In the last 6 weeks, I’ve lost about 25 pounds and about 4 to 5 inches around the waist.  Went from a blossoming 46 inch waist to 42.  Blood pressure went down even though I am on blood pressure medication anyways.  I think cholesterol counts also went down but I have not had “labs” done… (yet).  Since I am on the world’s longest wellcheck, that is next.

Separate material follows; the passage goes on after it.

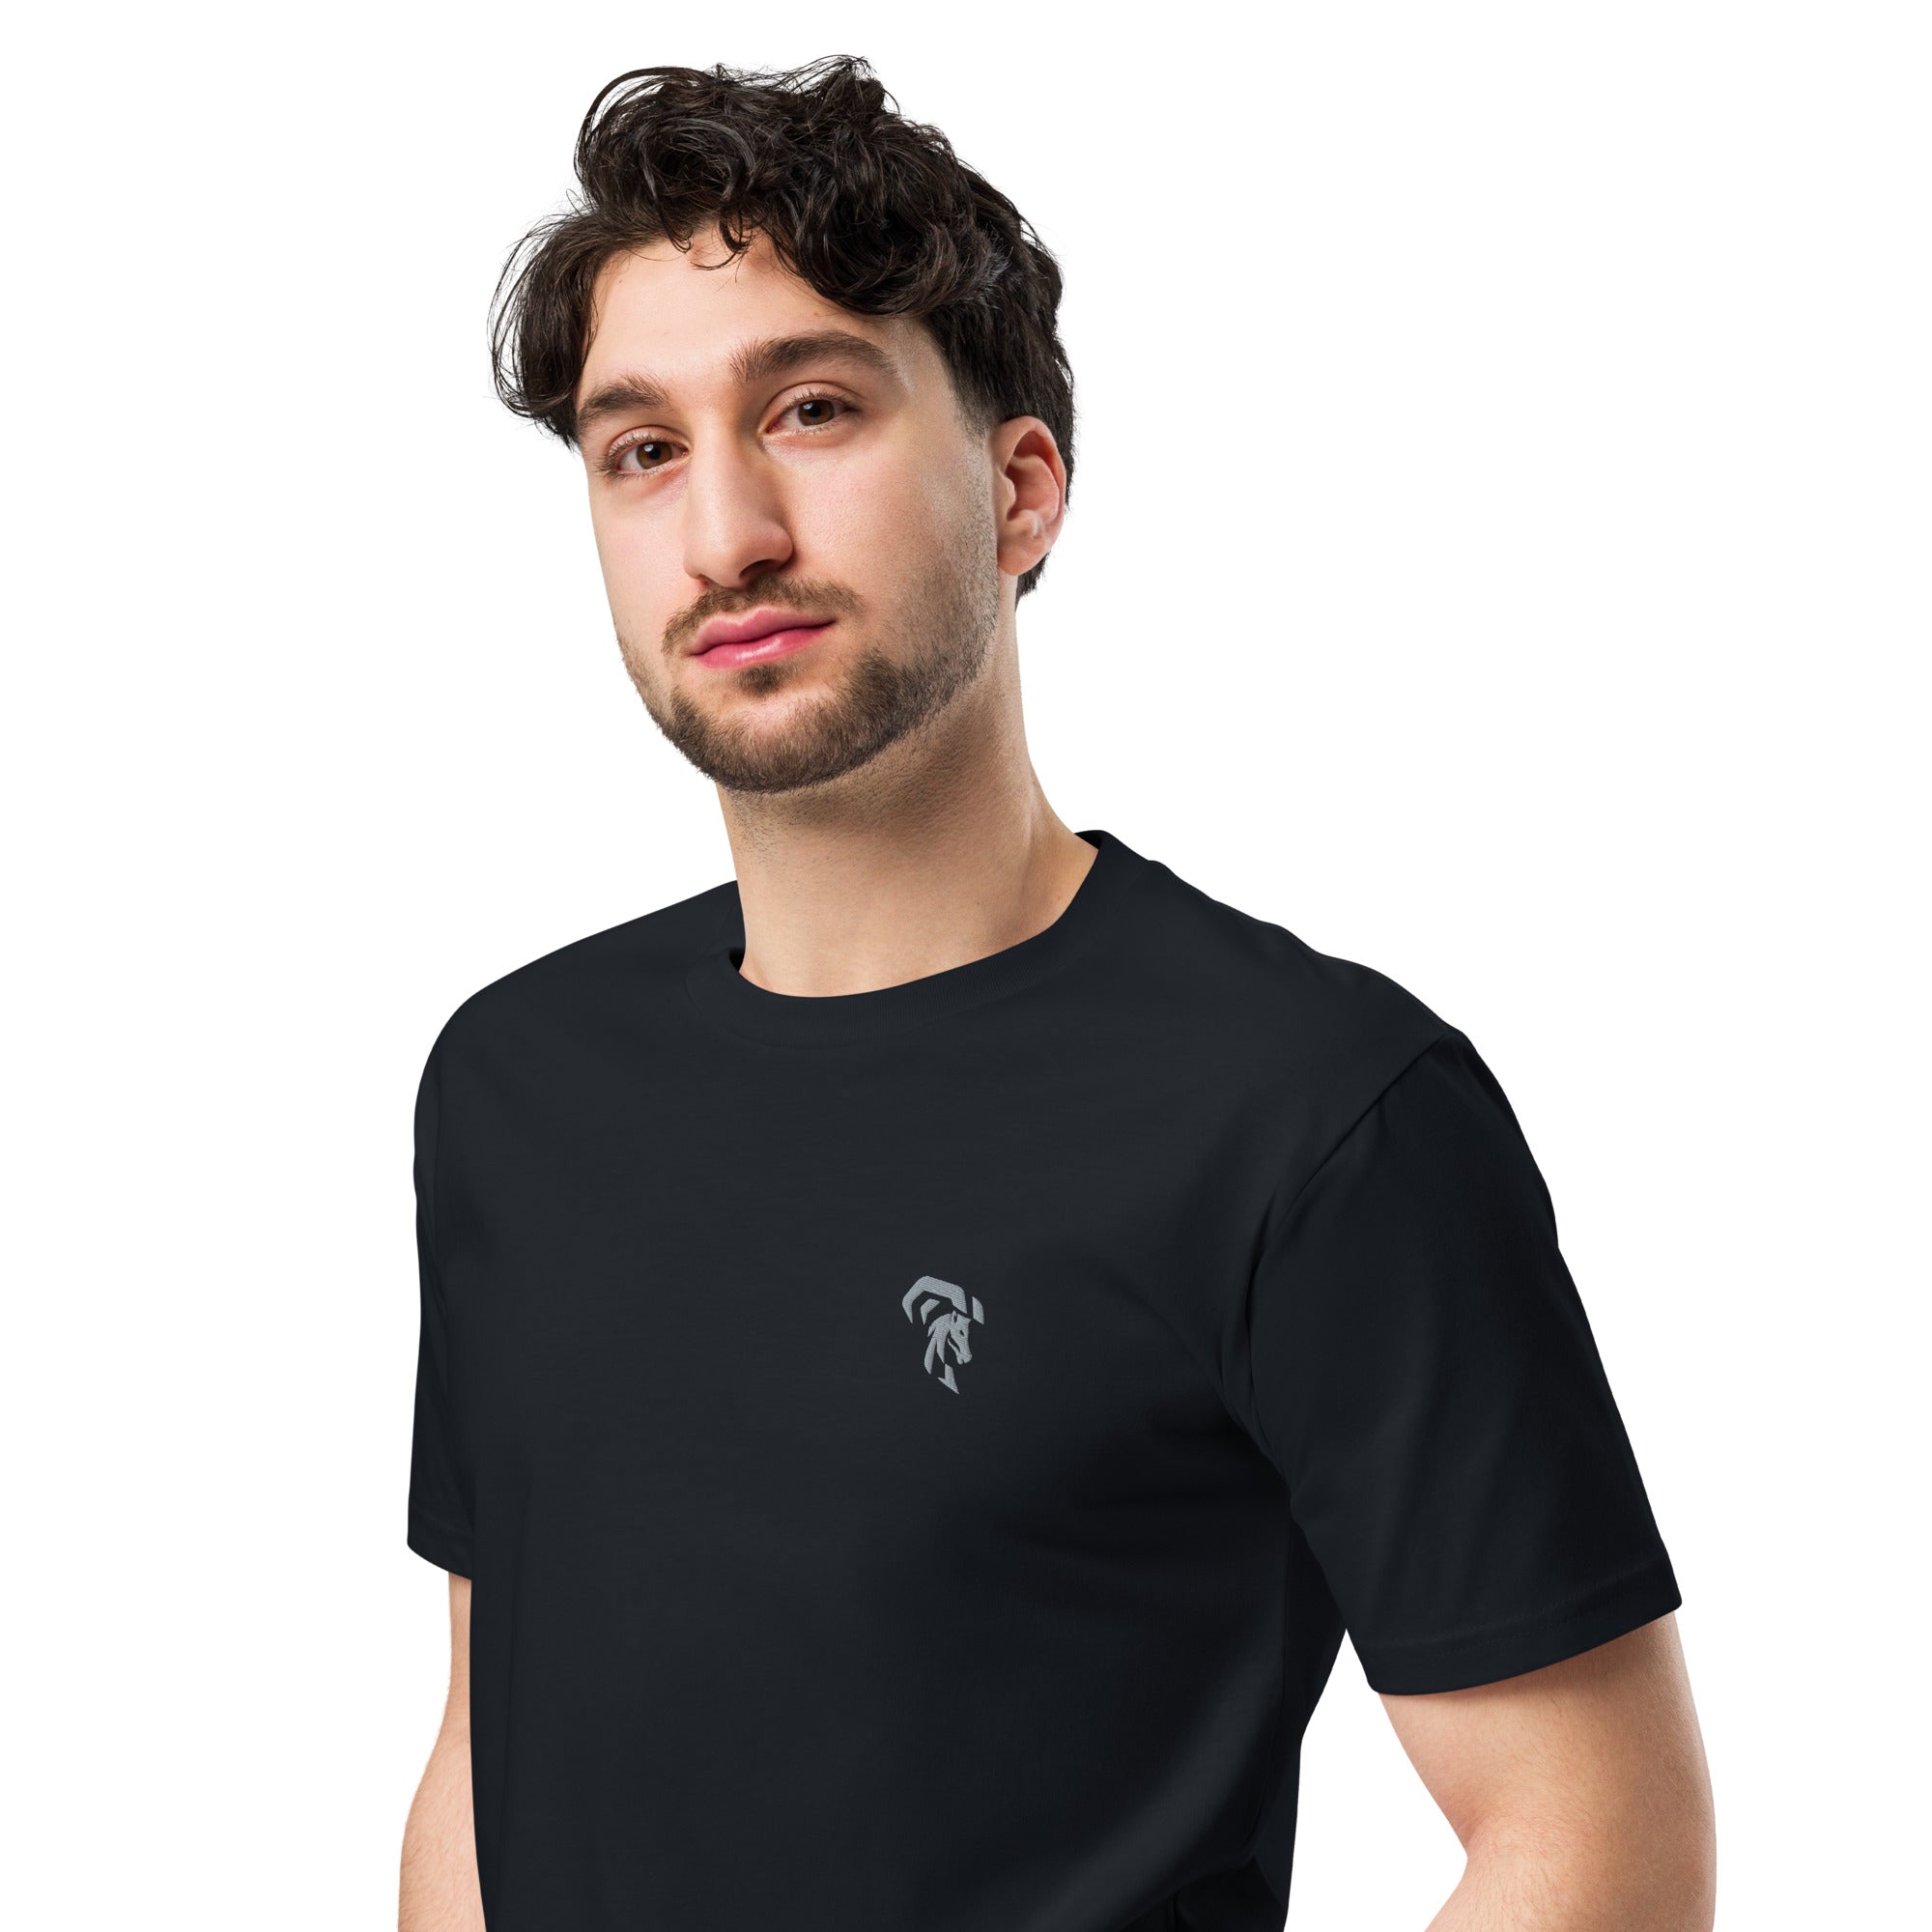 Elevate Your Wardrobe with the Filly Style Unisex Premium T-Shirt
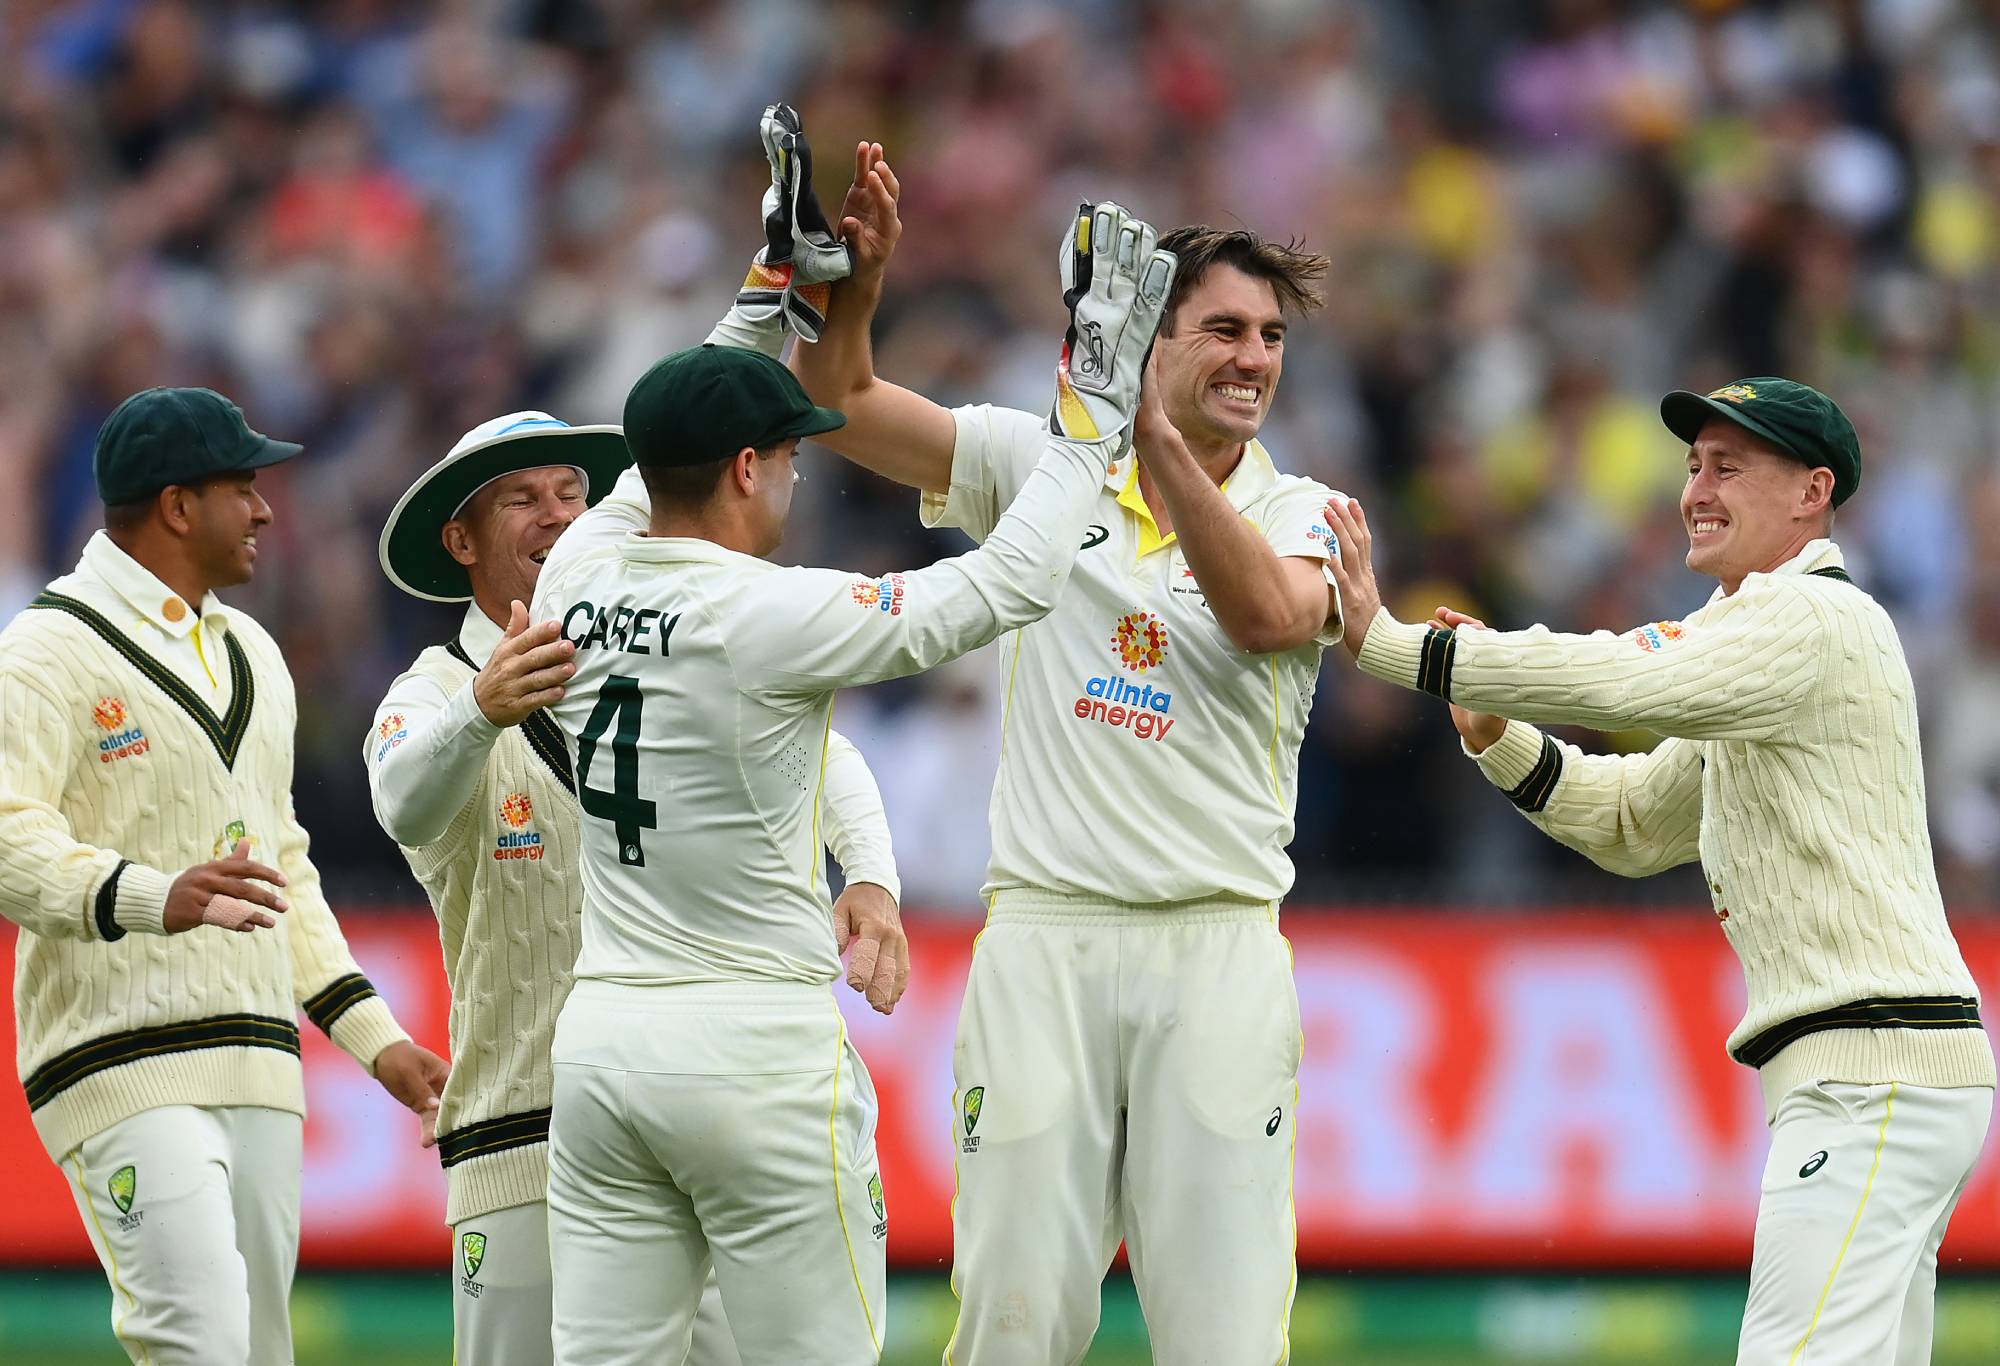 MELBOURNE, AUSTRALIA - DECEMBER 28: Pat Cummins of Australia celebrates dismissing Dean Elgar of South Africa  during day three of the Second Test match in the series between Australia and South Africa at Melbourne Cricket Ground on December 28, 2022 in Melbourne, Australia. (Photo by Quinn Rooney/Getty Images)

So, what’s the verdict?  If you want to lose weight and you are weak; a 1200 calorie a day diet is difficult.  You have to have a commitment level.  You will change how you eat entirely.  Food will become not a end but a means.  And you will find out that food is meant to be eaten slowly with care and love.  A meal should take about 20 minutes.  There are also “free foods” you can partake of.  I do that on occasion.  Stuff like peppers, jalapanoes, pickles.  Sometimes a cold beer is there for me; but I don’t slam them down like before.

So, lets get around to the quality question.  How is the quality of life different?  Well, I’ve only lost 25 or so pounds; but I’ve lost inches and bought new dress clothes for work that actually fit.   All my belts suddenly got too big. Energy level is up; but that may be the “phen”.  But the main thing is I feel better and my stomach goes down when it used to go up.  I feel more focused at work each day.

Is it for you?

Its not for you unless you go see a doctor first.  I think you should anyways if you are over about 45 or so but changing the way you eat, exercise, or live may cause other stresses.  Its better to get yourself checked out.  If you are over 50, welcome to the world’s longest wellcheck :)   I’m on my way to losing 70 pounds and almost half-way there.  Its gonna happen; but now the weight loss is slower and a little more controlled. Honestly at first the weight just flowed off.  It was striking actually.  Things have moderated a bit and I hit little plateaus now and then that I live through.

Stick with it though.  You can do it.  I happened to be reading another person’s weblog and was kinda struck by his desire to change.  I’d say to Jason, you can do it.  Set the goal and make it measurable and achievable.  Now that I’ve seen how this goes, I can see that this approach can apply to other areas in my life.  But the change has to happen at a reasonable pace.  A friend that’s a psychological anthropologist told me once, “don’t try to change everything at once.  You’ll fail and be miserable too”.

I think I know what Jan meant by that.